Par un jugement n° 1909679 du 4 juin 2021, le tribunal administratif de Lille a annulé cette décision et a mis à la charge de l'Etat la somme de 1 500 euros au titre de l'article L. 761-1 du code de justice administrative.
Procédure devant la cour :
I. Par une requête, enregistrée le 5 août 2021 sous le n° 21DA01886, la ministre de la transition écologique demande à la cour :
1°) d'annuler ce jugement ;
2°) de rejeter la demande présentée par M. A... devant le tribunal administratif de Lille.
Elle soutient que :
- le jugement est insuffisamment motivé ;
- le motif d'annulation retenu par le tribunal administratif n'est pas fondé ;
- s'agissant des autres moyens soulevés par M. A..., l'agent ayant instruit l'enquête administrative, enquêteur au bureau des accédants du nucléaire depuis le 12 octobre 2017, était habilité ;
- M. A... a été informé de l'existence de l'enquête administrative dont il a fait l'objet ;
- en tout état de cause, une telle omission n'est pas de nature à avoir une incidence sur le sens de la décision prise et n'a pas davantage privé l'intéressé d'une garantie.
Par un mémoire en défense, enregistré le 21 octobre 2021, M. A..., représenté par Me Antoine Deguines, conclut au rejet de la requête et à la mise à la charge de l'Etat de la somme de 3 000 euros au titre de l'article L. 761-1 du code de justice administrative.
Il soutient que les moyens soulevés par la requête ne sont pas fondés.
Par une ordonnance du 1er décembre 2021, la clôture de l'instruction a été fixée au 10 janvier 2022, à 12 heures.
II. Par une requête, enregistrée le 9 août 2021 sous le n° 21DA01923, la ministre de la transition écologique demande à la cour de surseoir à l'exécution du jugement du tribunal administratif du 4 juin 2021.
Vu les autres pièces du dossier.
Vu :
- le code de la défense ;
- le code de l'environnement ;
- le code de la sécurité intérieure ;
- le décret n° 2017-1224 du 3 août 2017 ;
- le code de justice administrative.
Les parties ont été régulièrement averties du jour de l'audience.

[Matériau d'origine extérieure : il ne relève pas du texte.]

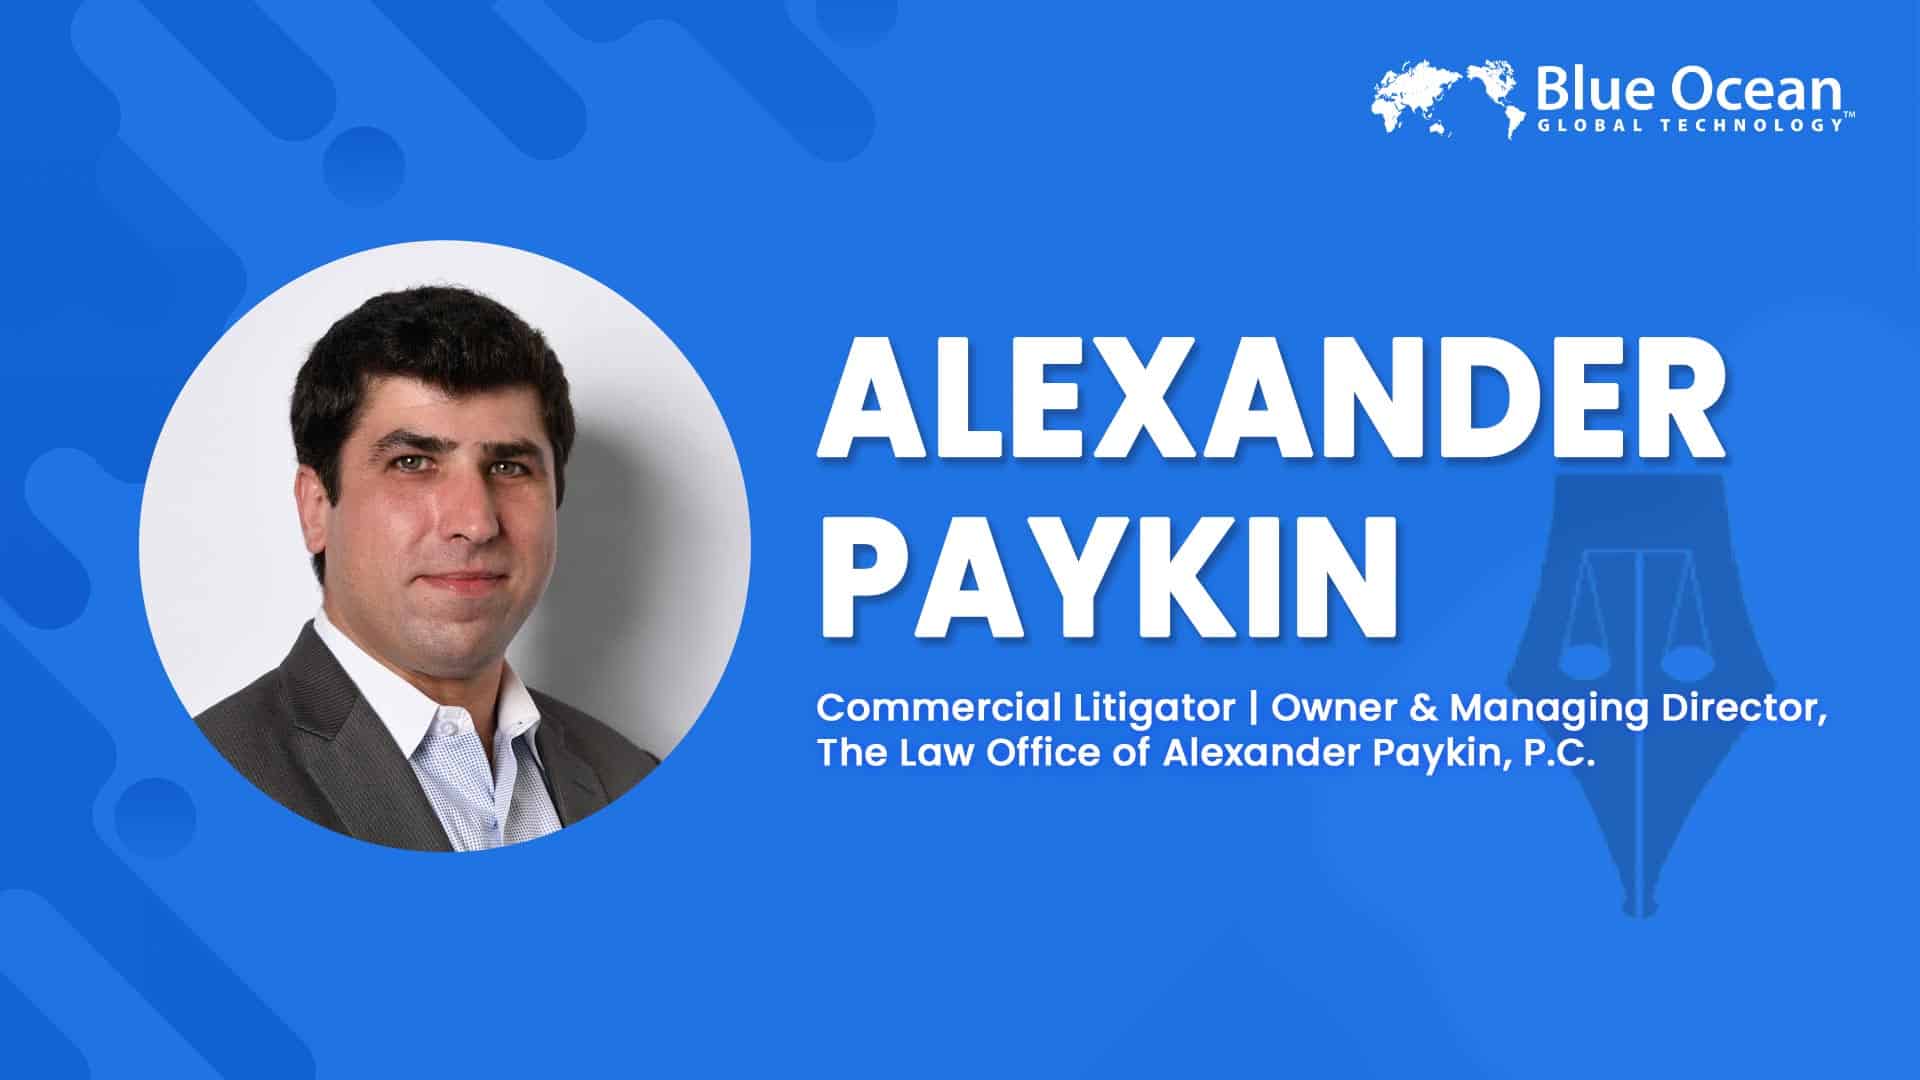 Blue Ocean Global Technology Interviews Alexander Paykin

Ont été entendus au cours de l'audience publique :
- le rapport de Mme Ghislaine Borot, présidente-rapporteure,
- et les conclusions de M. Hervé Cassara, rapporteur public.
Considérant ce qui suit :
1. La société d'intérim CAMO Emploi a souhaité employer M. A... en vue de contrats de longues missions sur des sites de production nucléaire d'électricité. La demande d'autorisation d'accès au centre nucléaire de production d'électricité de Gravelines, présentée par l'employeur de M. A..., a été rejetée le 24 mai 2019. Par une décision du 12 septembre 2019, le ministre de la transition écologique et solidaire a rejeté le recours administratif préalable formé par M. A... le 15 juillet 2019 contre ce refus. La ministre de la transition écologique relève appel du jugement du 4 juin 2021 par lequel le tribunal administratif de Lille, à la demande de M. A..., a annulé cette décision. Elle a également demandé le sursis à exécution de ce jugement.
Sur la jonction :
2. Les requêtes, enregistrées sous les nos 21DA01886 et 21DA01923, tendent respectivement à l'annulation et au sursis à exécution du même jugement. Il y a lieu de les joindre pour y statuer par un seul arrêt.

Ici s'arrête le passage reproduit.